Applications of Minimum Spanning Tree Problems:

1- Network Design (telephone, electrical hydraulic, TV cable)

2- Approximation algorithms for NP-hard problems (traveling, salesperson, Steiner Tree)

3- Indirect application.

- Max bottleneck paths.

- LDPC codes for error correction.

- Image registration with Renyi Entropy.

- Reducing data storage in sequencing amino acids in a protein.

- Model of the locality of particle interactions in turbulent fluid flows.
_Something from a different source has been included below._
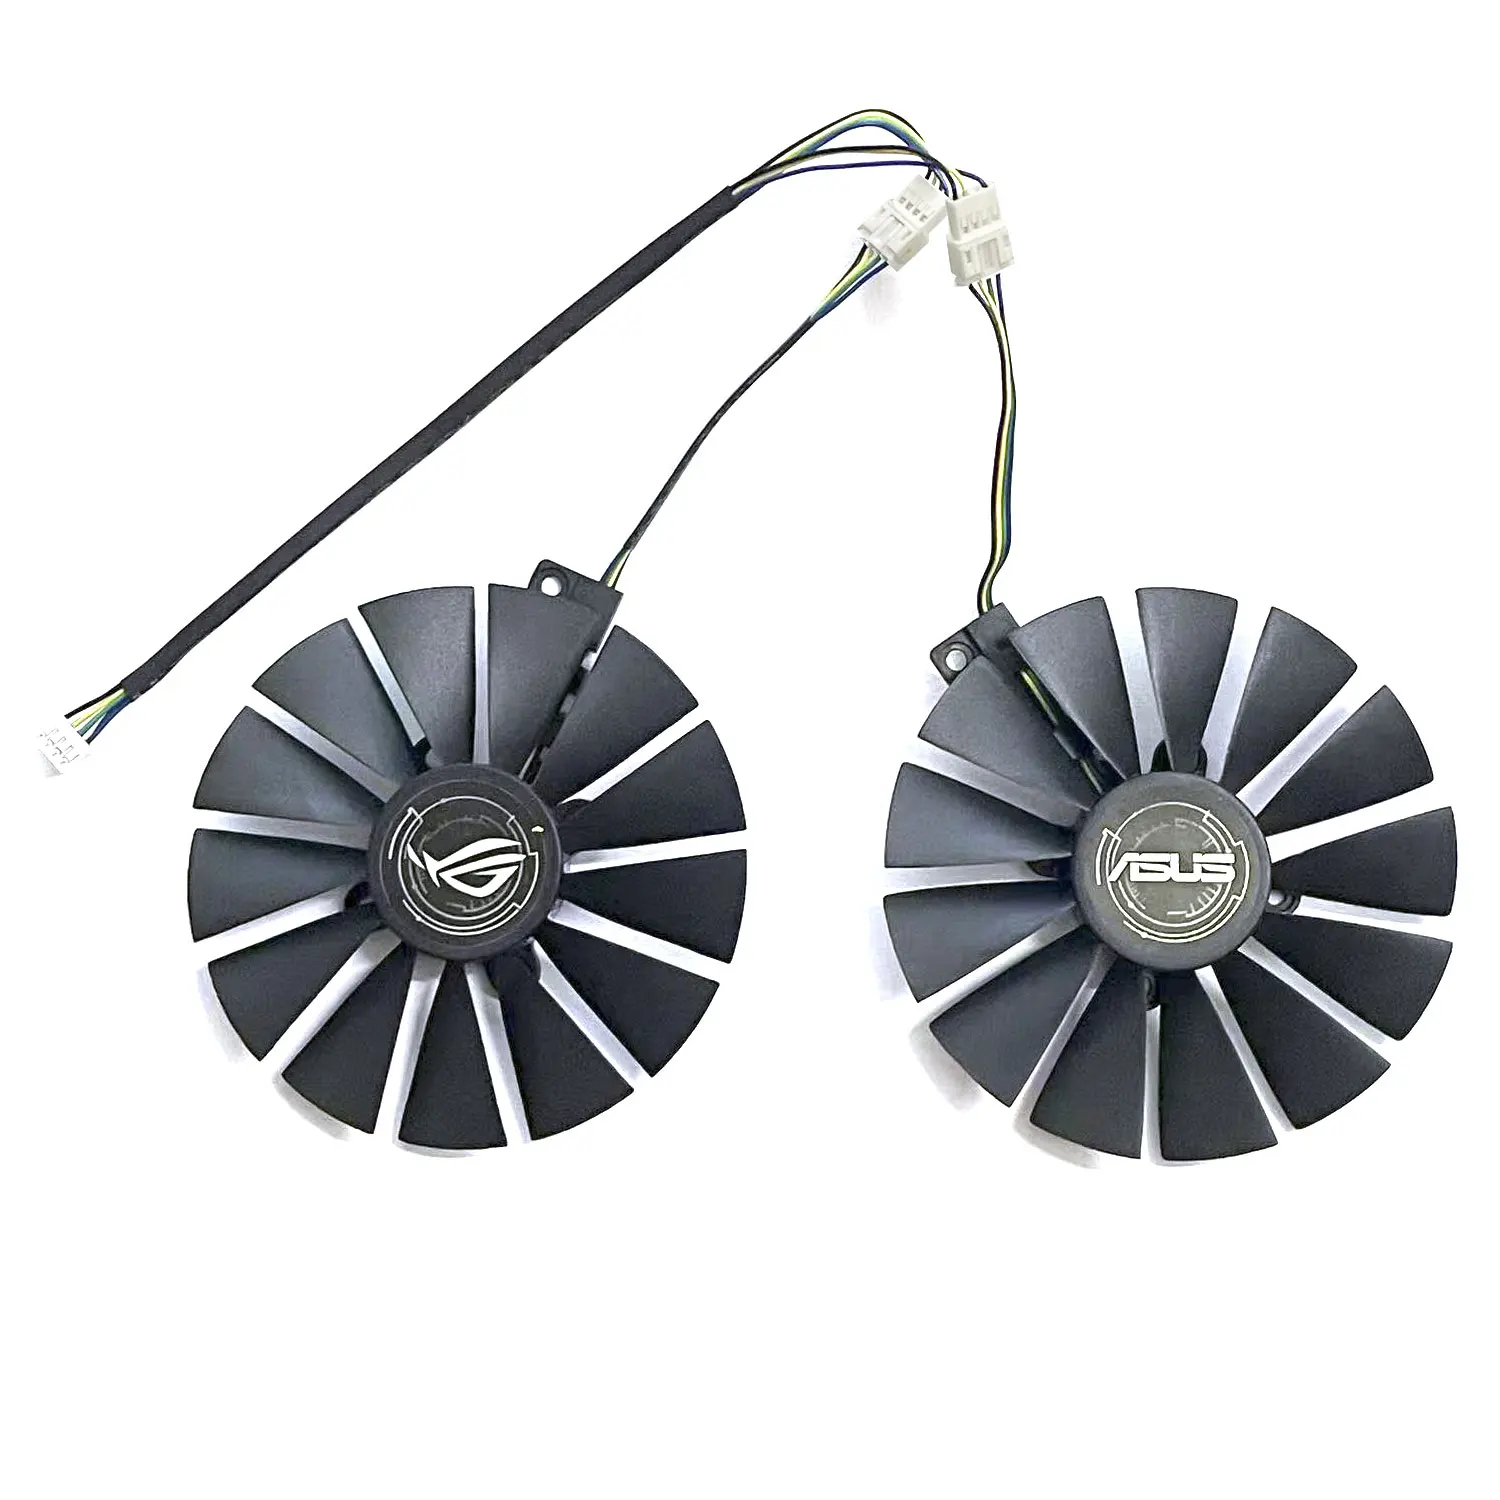 Free Shipping T129215SM 95mm Cooler Fan For ASUS STRIX RX 470 580 570 GTX 1050Ti 1070Ti 1080Ti Gaming Video Card Cooling Fan

Pseudo Code for Kruskal’s Algorithm

# Python program for Kruskal's algorithm to find
# Minimum Spanning Tree of a given connected,
# undirected and weighted graph
from collections import defaultdict
# Class to represent a graph
class Graph:
def __init__(self, vertices):
self.V = vertices  # No. of vertices
self.graph = []  # default dictionary
# to store graph
# function to add an edge to graph
def addEdge(self, u, v, w):
self.graph.append([u, v, w])
# A utility function for determining the set of an element
# (uses path compression technique)
def find(self, parent, i):
if parent[i] == i:
return i
return self.find(parent, parent[i])
# A function that performs the union of two sets of x and y values
# (uses union by rank)
def union(self, parent, rank, x, y):
xroot = self.find(parent, x)
yroot = self.find(parent, y)
# Attach smaller rank tree under root of
# high rank tree (Union by Rank)
if rank[xroot] < rank[yroot]:
parent[xroot] = yroot
elif rank[xroot] > rank[yroot]:
parent[yroot] = xroot
# If ranks are same, then make one as root
# and increment its rank by one
else:
parent[yroot] = xroot
rank[xroot] += 1
# The main function to construct MST using Kruskal's
# algorithm
def KruskalMST(self):
result = []  # This will store the resultant MST
# An index variable, used for sorted edges
i = 0
# An index variable, used for result[]
e = 0
# Step 1:  Sort all the edges in
# non-decreasing order of their
# weight.  If we are not allowed to change the
# given graph, we can create a copy of graph
self.graph = sorted(self.graph,
key=lambda item: item[2])
parent = []
rank = []
# Create V subsets with single elements
for node in range(self.V):
parent.append(node)
rank.append(0)
# Number of edges to be taken is equal to V-1
while e < self.V - 1:
# Step 2: Pick the smallest edge and increment
# the index for next iteration
u, v, w = self.graph[i]
i = i + 1
x = self.find(parent, u)
y = self.find(parent, v)
# If including this edge does't
#  cause cycle, include it in result
#  and increment the indexof result
# for next edge
if x != y:
e = e + 1
result.append([u, v, w])
self.union(parent, rank, x, y)
# Else discard the edge
minimumCost = 0
print ("Edges in the constructed MST")
for u, v, weight in result:
minimumCost += weight
print("%d -- %d == %d" % (u, v, weight))
print("Minimum Spanning Tree" , minimumCost)
# Driver code
g = Graph(4)
g.addEdge(0, 1, 10)
g.addEdge(0, 2, 6)
g.addEdge(0, 3, 5)
g.addEdge(1, 3, 15)
g.addEdge(2, 3, 4)
# Function call
g.KruskalMST()

With the above code we can see Kruskal Performance, With this, I would like to end My blog Thanks for Reading it Hope you learned something New.